Reputation: 93
I have created a DataFrame with my data to run some Machine Learning experiments. I'm trying to split it into training and test sets by using the randomSplit() function, but it is giving me some exceptions which I can't figure out the reason. My code is similar to this:
Features = ['A', 'B', 'C', 'D', 'E', 'aVec', 'bVec', 'cVec', 'dVec']
vec = VectorAssembler(inputCols = Features, outputCol = 'features')
df = vec.transform(df)
df = df.select("features", "Target")
(train, test) = df.randomSplit([0.8, 0.2])
print(df.count())
print(train.count())
print(test.count())
The letters inside 'Features' represent numeric features, and the *Vec elements represent OneHotEncoding vectors (created using OneHotEncoding() function of pyspark).
When Spark reaches print(train.count()) it launches the following exception:
Py4JJavaError: An error occurred while calling o2274.count.
: org.apache.spark.SparkException: Job aborted due to stage failure:
Task 5 in stage 1521.0 failed 1 times, most recent failure: Lost task
5.0 in stage 1521.0 (TID 122477, localhost, executor driver):
java.lang.IllegalAccessError: tried to access field
org.apache.spark.sql.execution.BufferedRowIterator.partitionIndex from
class
The print on df works well, so I'm thinking that randomSplit is corrupting my data somehow.
I did a small test, and if I remove any of the OneHotEncoding Vectors it starts to work for some reason. (I removed 'aVec', for example, and it worked).
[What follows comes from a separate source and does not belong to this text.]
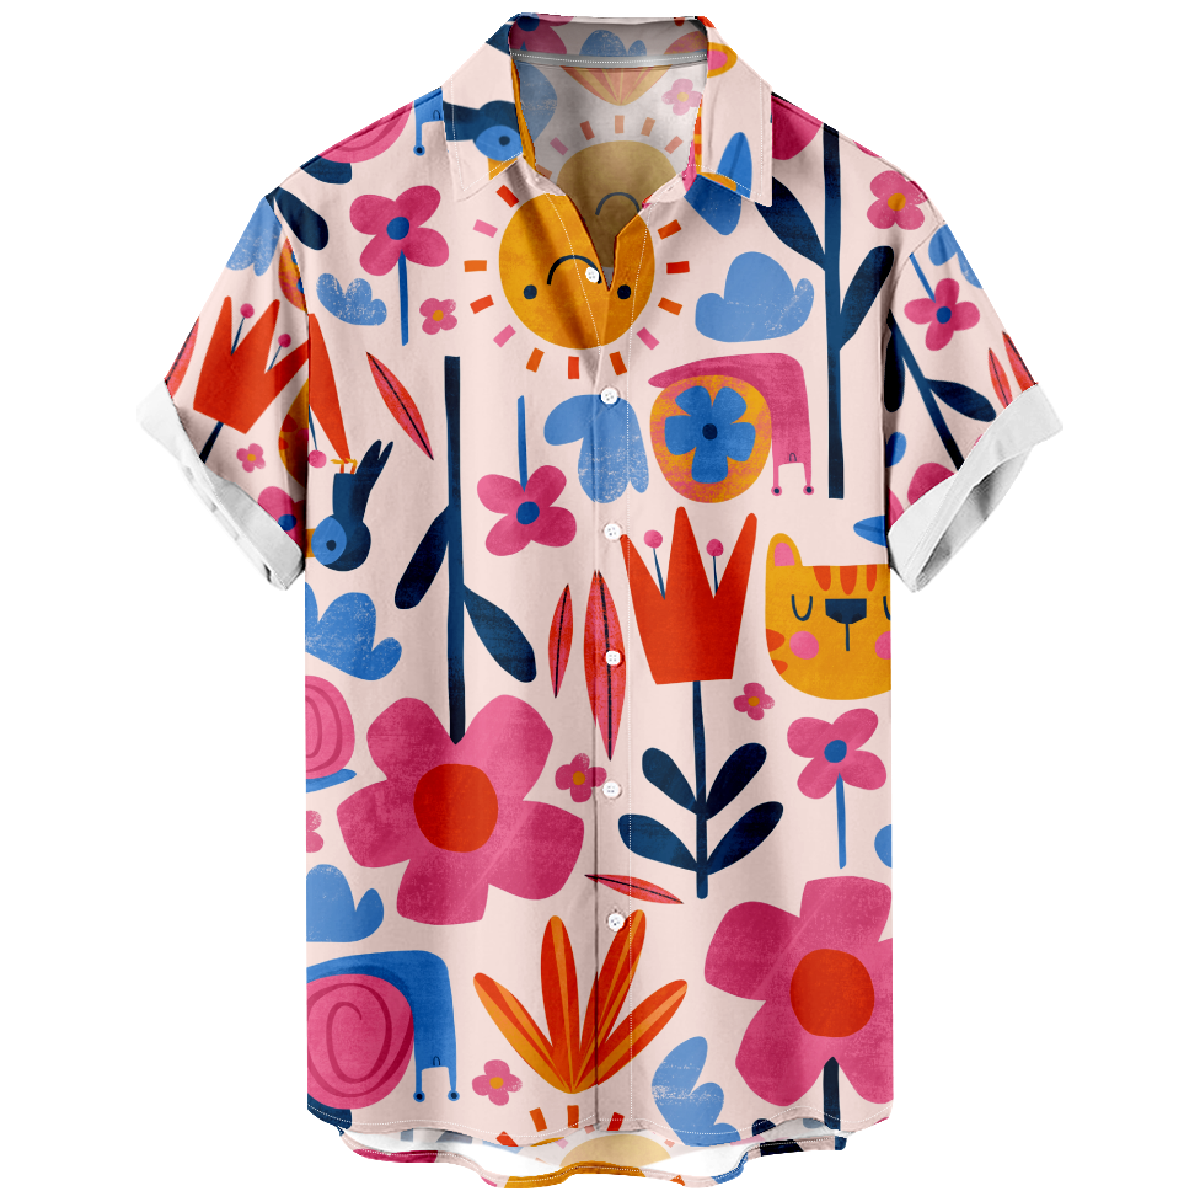 Men's Pink Flower Print Short Sleeve Shirt Floral Button Up Shirt

The problem does not seem to be about a specific column because I could remove any of them (if I ran my code with Features = ['aVec', 'bVec', 'cVec'] or Features = ['bVec', 'cVec', 'dVec'] it will work, but not with Features = ['aVec', 'bVec', 'cVec', 'dVec']).
Is there a reason for this error I'm getting?
Upvotes: 3
Views: 2909
Reputation: 21
I've got a similar problem recently,
Making the VectorAssembler handle invalid entries in the dataframe resolved my issue:
df = vec.transform(df).setHandleInvalid("skip").transform(df)
Upvotes: 1
Reputation: 93
I had the same problem, mine was solved by removing blank values from my data. I had several blank values in one of the inputcols, they were not NAs or NULLs, but just a space: " ". That caused the same error you're describing above. I filtered them out using raw_data = raw_data.filter('YourColumn != " "')
.
Hope this helps for you too.
Upvotes: 2